The main decelerator Shuja cited was that all the data needed to guide these decisions lives in many different places. Relevant data includes energy data from sensors, contract information (located in software such as SAP) and occupant data on who is coming and going and what sort of experience they’re having in the workplace—all situated in different silos. And, of course, the locations where this data lives may vary from facility to facility, making matters all that much more difficult. Honeywell wishes to unify this data into one central location that would allow organizations to make the informed decisions they need to navigate the post-Covid world. 

One of the biggest challenges to unifying this data, according to Shuja, is getting IT to talk with OT. While the IT side of things is relatively standardized, OT is a different story—businesses utilize all sorts of different pieces, different protocols and different OEMs. Honeywell Forge, which is inspired by industry leading Niagara framework, seeks to solve this issue by creating an overarching layer, on top that can normalize this data and create a data model capable of being extended across OT, regardless of the underlying technology. 

Wrapping up

I asked Shuja what was admittedly a layup of a question—what is it that makes Honeywell good at connected buildings? He cited Honeywell’s wealth of domain expertise given the ten million commercial buildings that already employ some element of Honeywell’s portfolio. However, according to Shuja, a unique differentiator is the open nature of Honeywell’s Niagra and Forge software. An open platform enables the easy deployment of OT technologies, which are notoriously difficult to put in place with proprietary systems. Second, Shuja emphasized Honeywell’s commitment to safety, driven by occupant experience data. He believes, and I agree, that if you improve your building occupants’ safety, you’ll be rewarded with a pole position in the sector. 

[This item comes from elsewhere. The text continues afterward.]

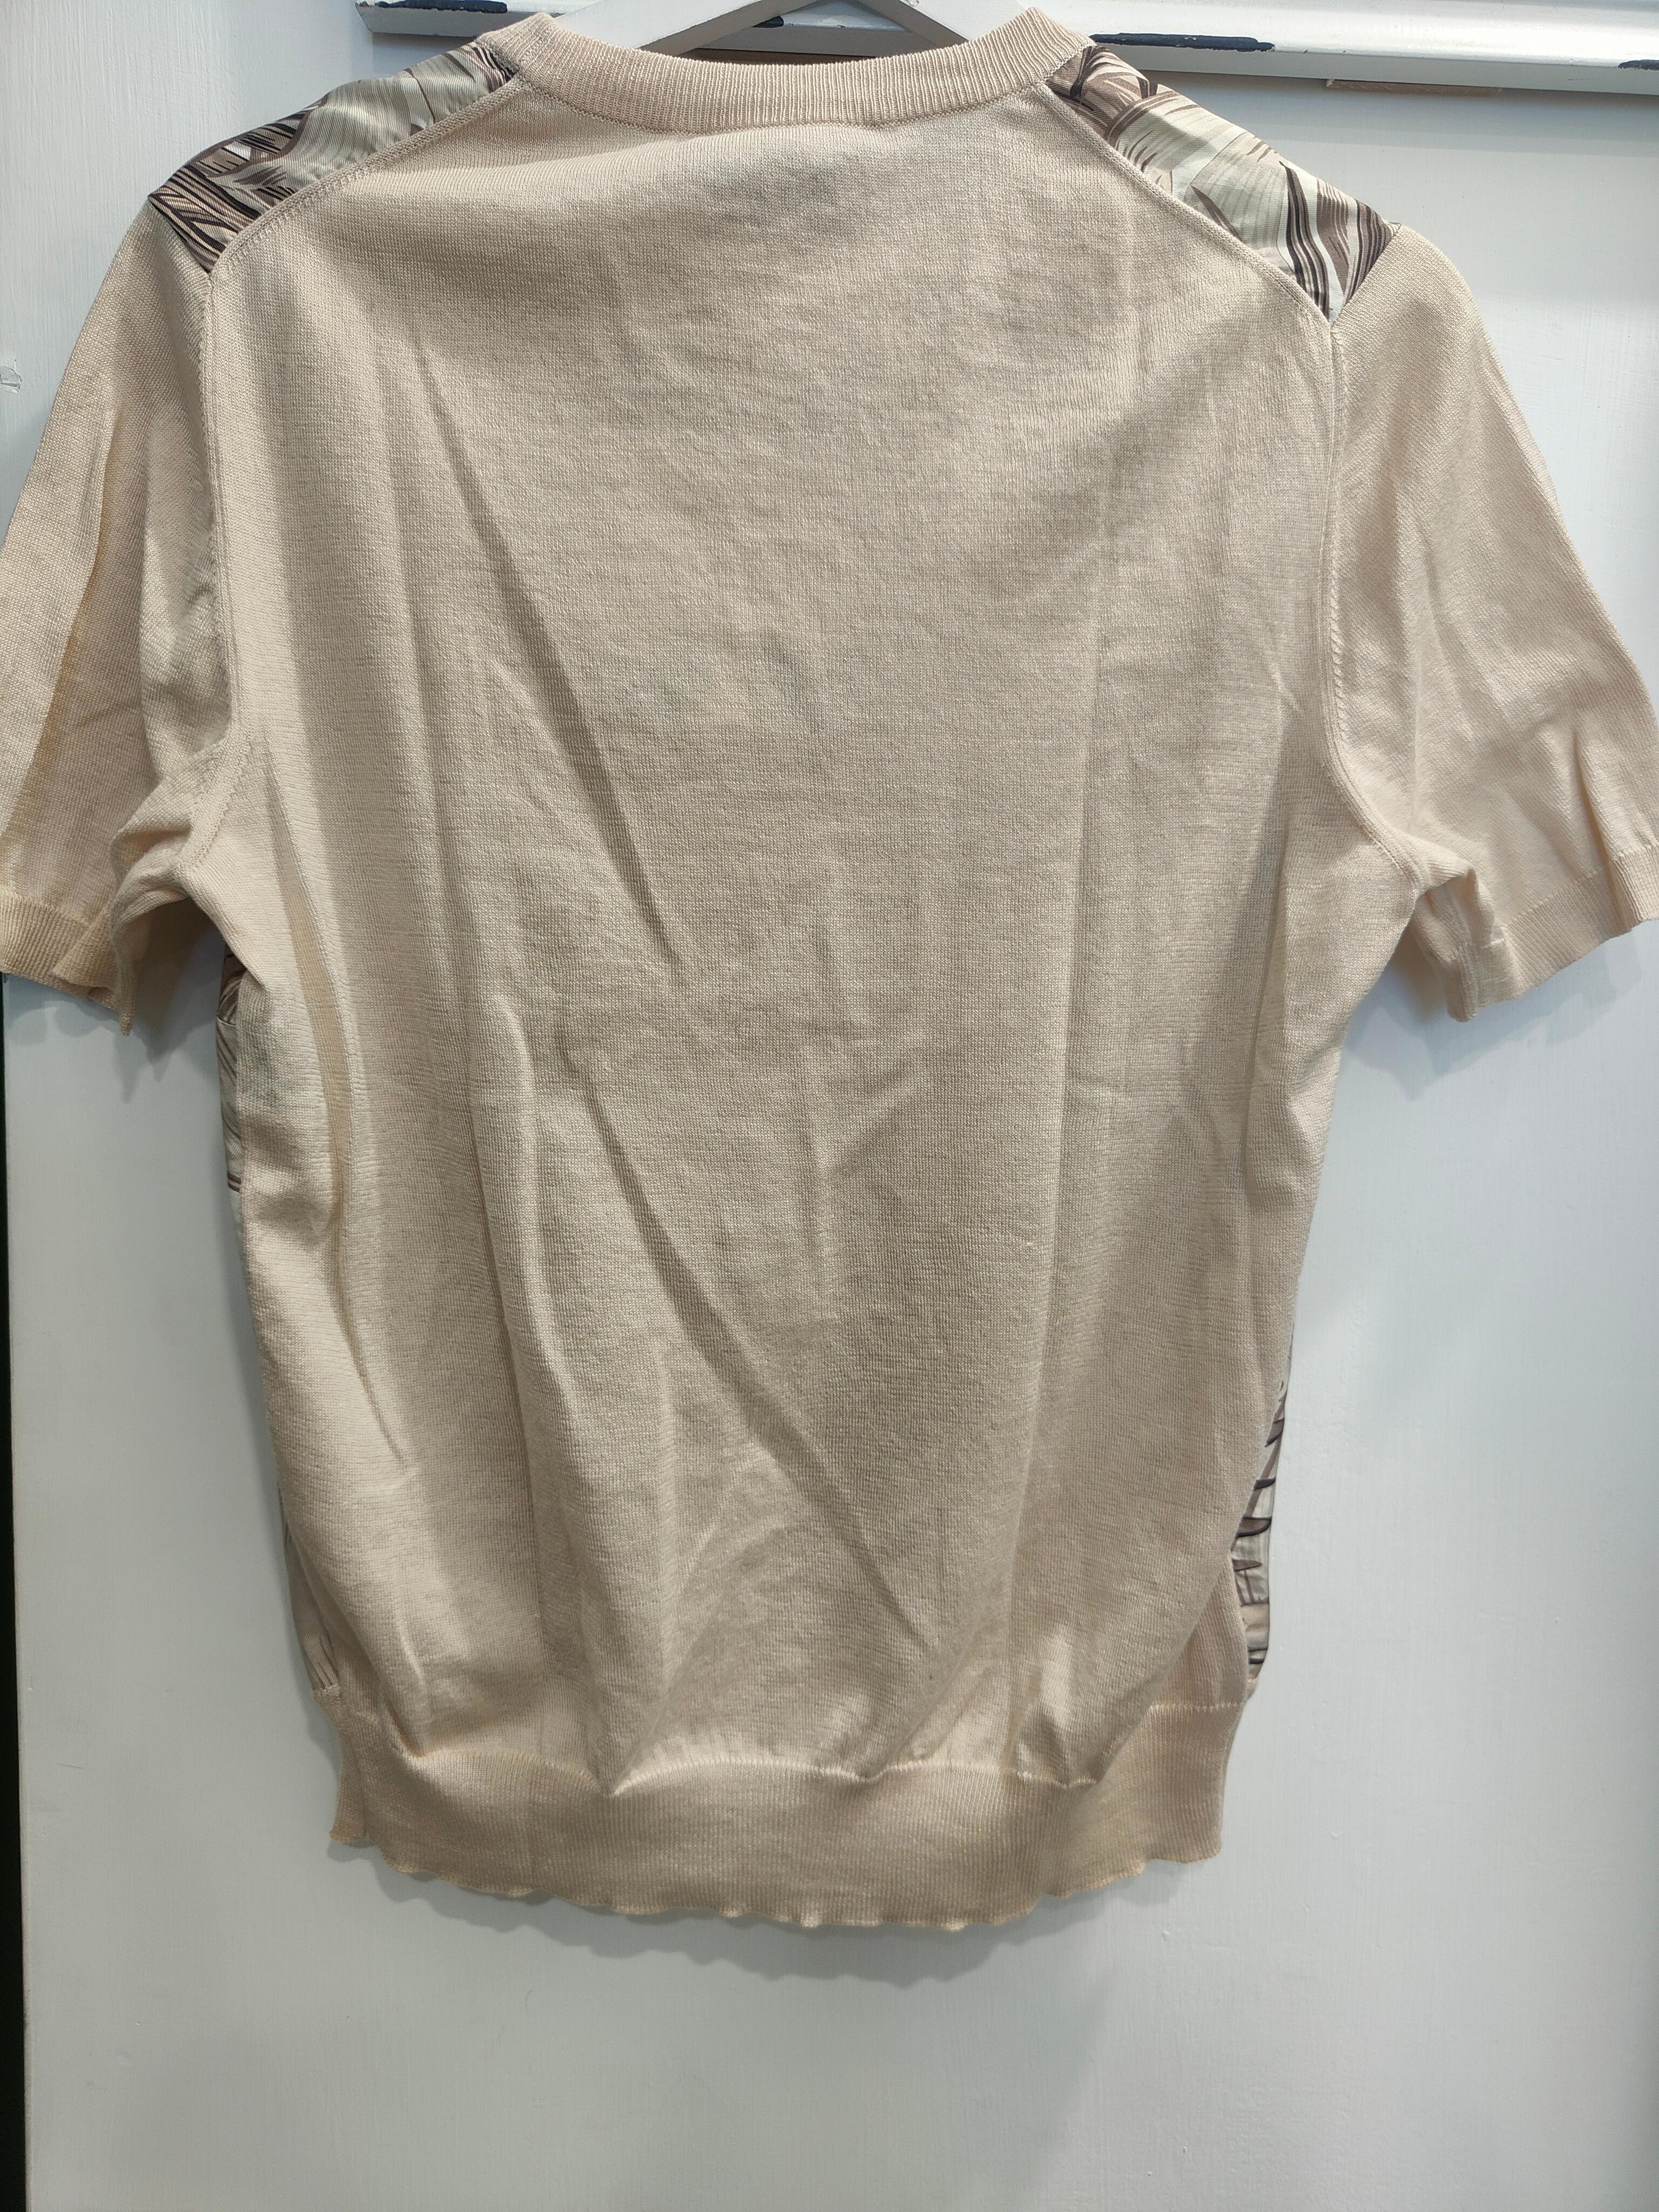 Salvatore Ferragamo silk blouse totally made in Italy in size L
Short sleeves

Shuja clearly understands the future challenges facing the connected building sector and the opportunities for Honeywell that come along with it, and I came away from our interview confident in his abilities to steer the ship. It’s a dynamic time for the global economy and workforce, requiring businesses to pivot quickly and wisely. Honeywell has the software tools to help enterprises to make informed, data-based decisions on what their operations will look like as the world returns to “normal.” 

Note: Moor Insights & Strategy writers and editors may have contributed to this article.